I just got back from the Nickelodeon, where tonight's feature was Bubble, directed by Stephen Soderburg and written by Coleman Hough -- who is from Charleston and stuck around afterwards for questions.
The great noteworthy distinction of the film is its marketing. It debuted a few months ago simultaneously on the screen and on DVD, I guess so you could kind of take your pick. It's not the most attractive picture; I think it was shot on Hi-Definition Video and it kind of looks it. It's set in a dead little town and the story is told in actual homes, which gives it that kind of cramped look of low-budget films, albeit one made with exceptional skill.
I knew nothing about the film going in and was never quite sure where the story, involving a handful of people who work in a doll factory, was going to go, but it's one of those movies that connects with its characters so well that you find yourself putting total trust in it to pull you along. In a nutshell, it's about two people who work at a doll factory -- the matronly Martha and the younger Kyle, on whom she has a very secret crush -- whose lives are interrupted by a new employee, Rose, a single mom who makes a play for Kyle with tragic consequences.
All the way through, the film's authenticity seemed to ring true to the lives of people whose life is nothing but a stale routine: assembly-line work (making plastic faces with frozen smiles), fast food lunches in the company canteen over idle banter (Kyle seems to respond to every new piece of information with "That's cool") then home (or a second job), TV and sleep. I'd never seen the actors before, but I thought they were perfectly cast.

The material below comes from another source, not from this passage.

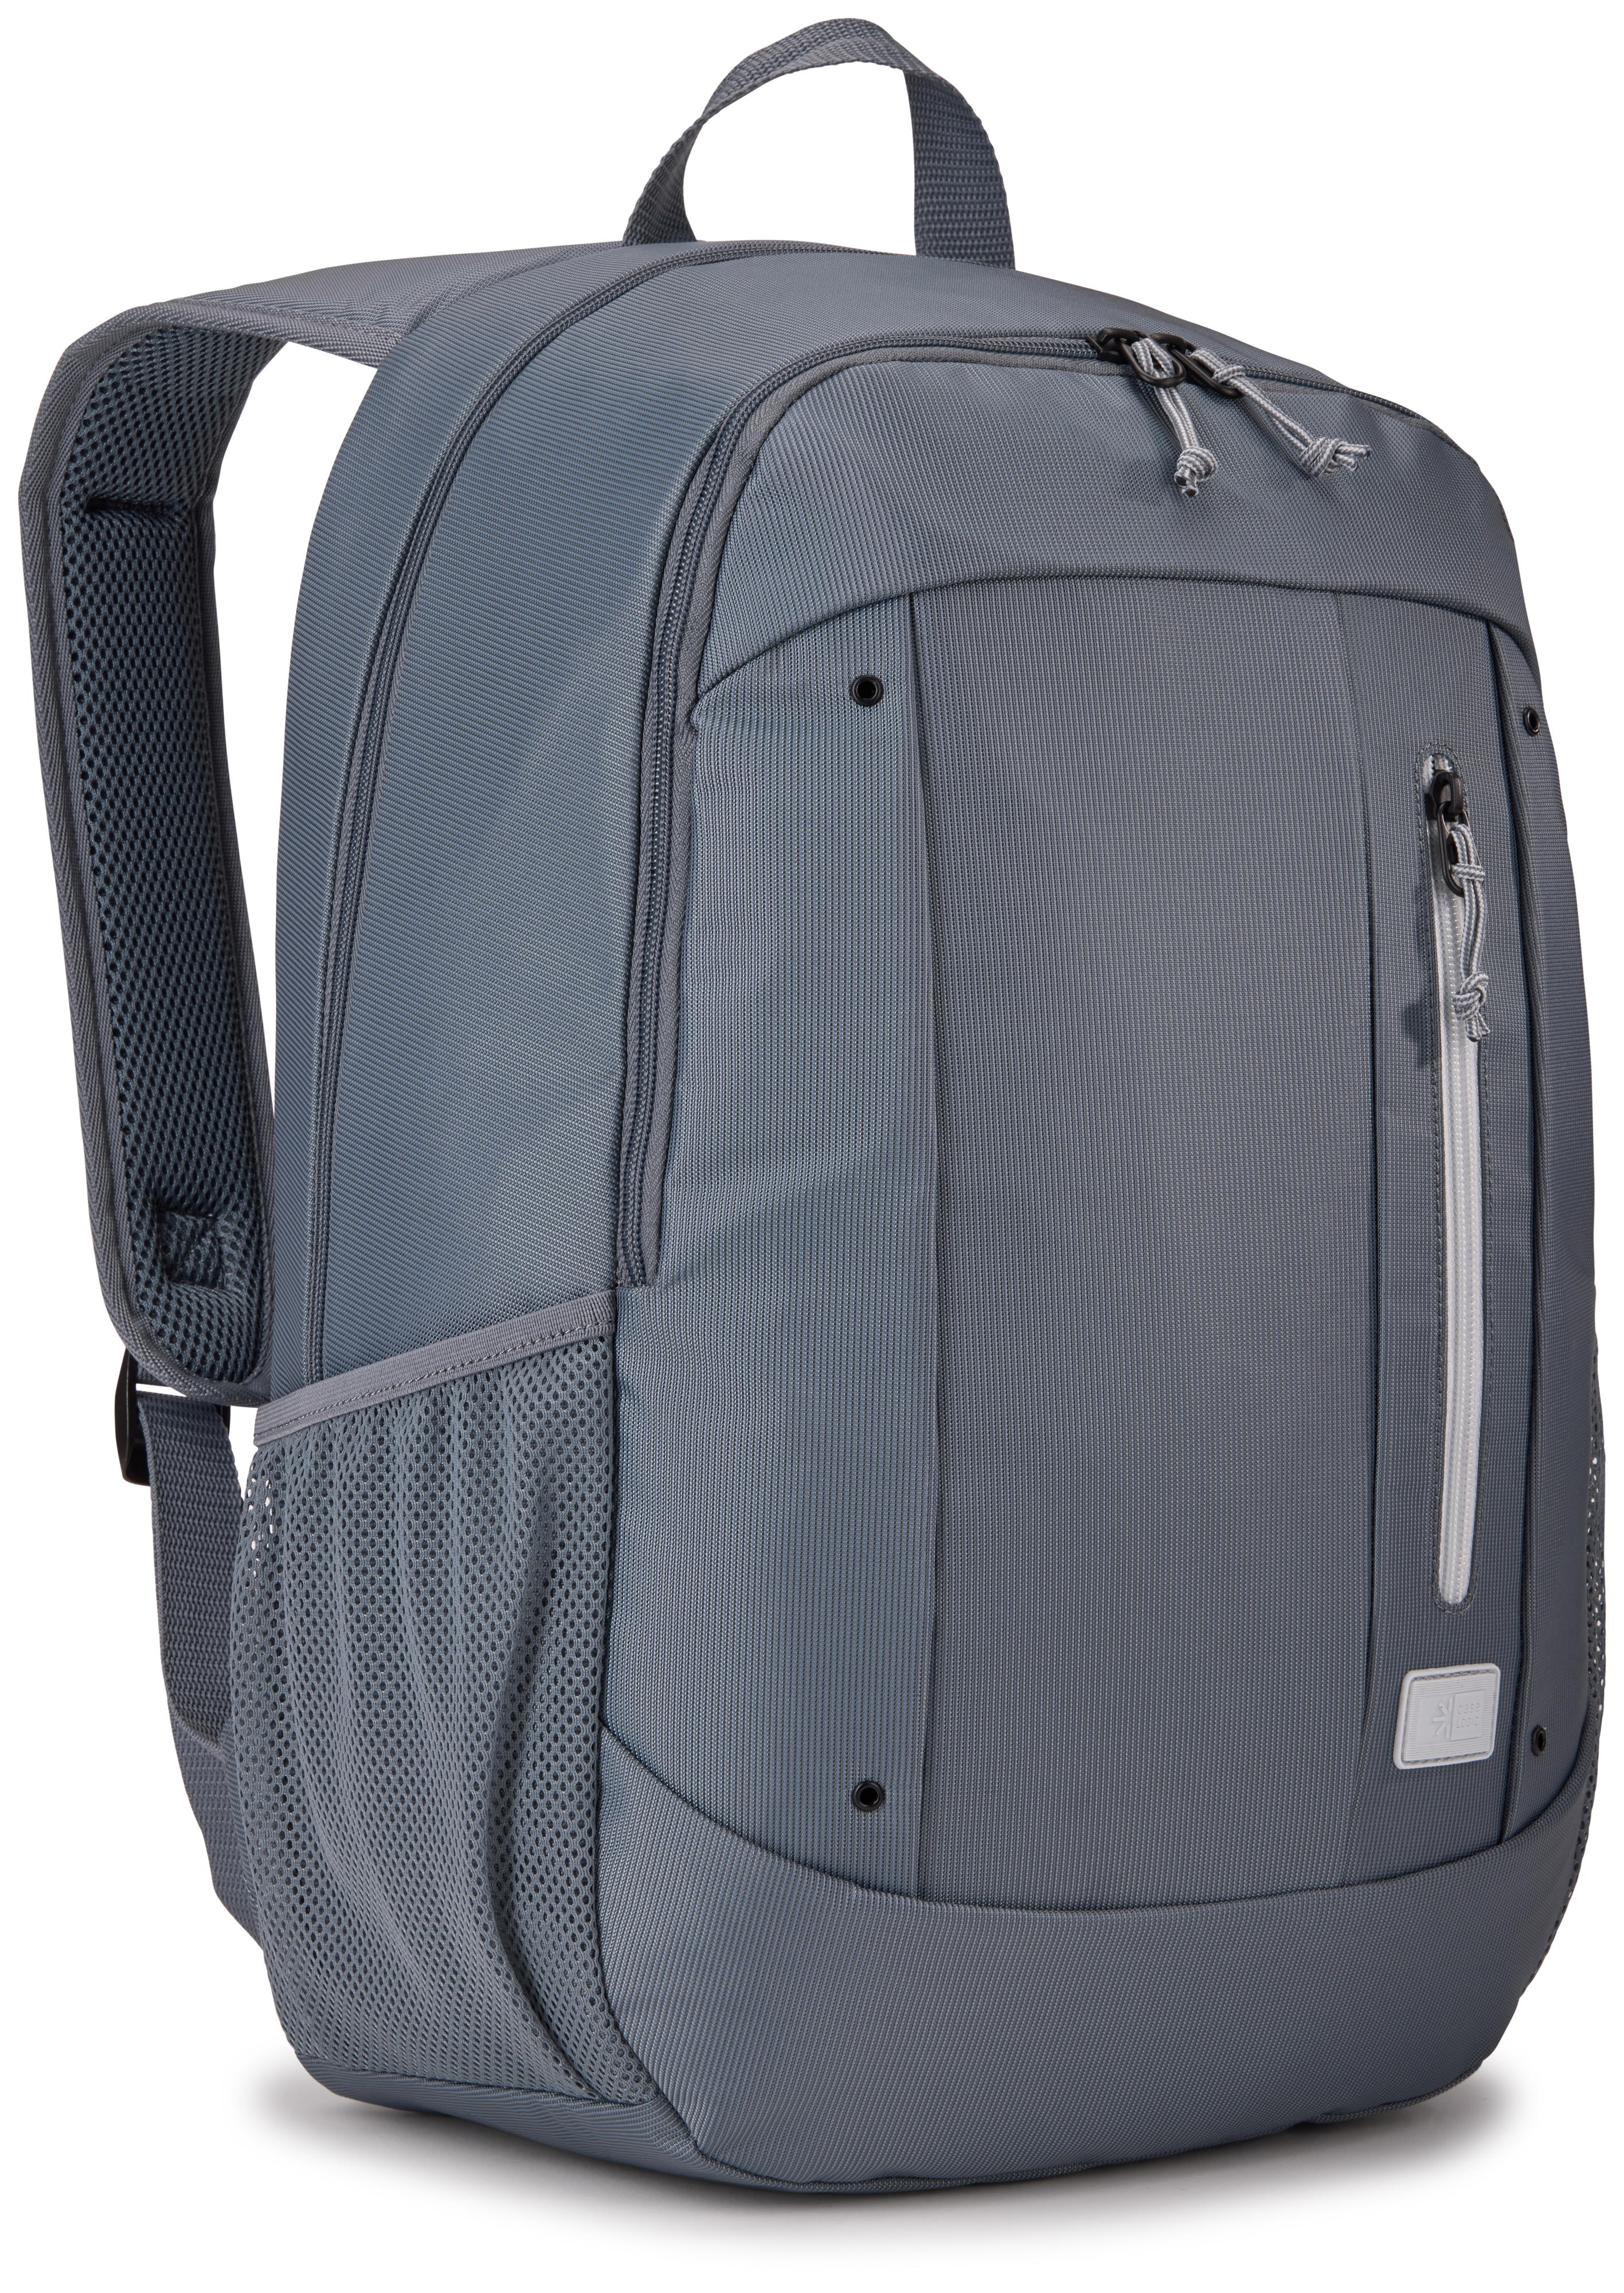 Case Logic Jaunt Recycled Backpack 15.6-Inch - Stormy Weather

Well, there's a reason for that. Turns out the whole thing was improvised. I stepped out to pee when Ms. Hough was explaining how she landed this assignment, but from what I gathered once she and Soderburgh hooked up artistically they got the idea of doing some kind of movie set among people in a doll factory, of which there are apparently only three left in the country. Once they settled on a location in Ohio, Hough and casting director Carmen Cuba spent weeks living in the town, soaking up atmosphere and hiring the non-acting principal actors right off the street. Debbie Doeberiner, who plays Martha, was managing a KFC when she Cuba spotted her dressing down an employee.
From there, they made it up the story as it went along, shooting in sequence, giving the actors some general direction of what to talk about, and presumably letting Soderburg indulge his Godardian side. It's not a totally satisfying movie, but it has the grimy feel of a good minimalist short story: dirty realism done dirt cheap.